4. Guide Them to Think Critically
Instead of directly correcting them, ask questions that encourage reflection. You could say, “Hmm, that’s an idea. Where did you hear that?” or “What makes you think that’s true?” This invites them to examine their sources and think deeper rather than just spouting off opinions.
5. Choose When to Correct—and When to Let It Go
If the misinformation is harmless, sometimes it’s okay to let it slide. Teens often figure things out on their own, especially when not met with immediate correction. But if it’s something significant—like a fact younger siblings might believe—you can gently clarify. Try saying, “That’s a common misconception. Actually…” or “I used to think that too, but I learned…”
6. Have Private Conversations When Needed
If you’re concerned about younger kids hearing incorrect information, you can address it later in private. Pull your teen aside and say, “I love that you’re speaking up, but I was concerned when you said [X] earlier because it wasn’t accurate. Let’s figure out the right info together.” This helps avoid embarrassing them in front of others.
7. Model Grace and Curiosity
Teens pick up on how we handle mistakes—ours and theirs. If you model curiosity and a willingness to learn, they’ll be more likely to do the same. You might even say, “You know, I’m not sure about that either. Let’s look it up together.” This shifts the conversation from a battle of who’s right to a shared search for understanding.
Parenting a know-it-all teen isn’t easy, but remember: their constant opinions, corrections, and comments are actually signs that they’re growing, thinking for themselves, and wanting to be heard.
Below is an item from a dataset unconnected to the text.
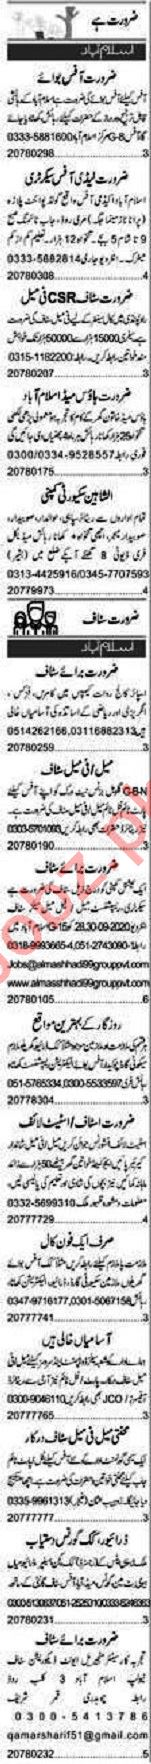 Express Sunday Islamabad Classified Ads 27 Sept 2020

It’s messy—and yes, it can be frustrating—but it’s also an opportunity to strengthen your relationship with them.
When you choose to listen (even when it’s annoying), pause before reacting, and gently guide them toward thinking critically, you’re helping them develop essential life skills—and showing them that their voice matters. Over time, they’ll learn when to speak up, when to hold back, and how to engage in meaningful conversations.
Most importantly, give yourself grace. No parent gets this perfectly right, and it’s okay to feel annoyed sometimes. What matters is that you keep showing up, loving them through the eye-rolls and debates, and reminding yourself that this stage won’t last forever.
You’ve got this, and I’m cheering you on every step of the way!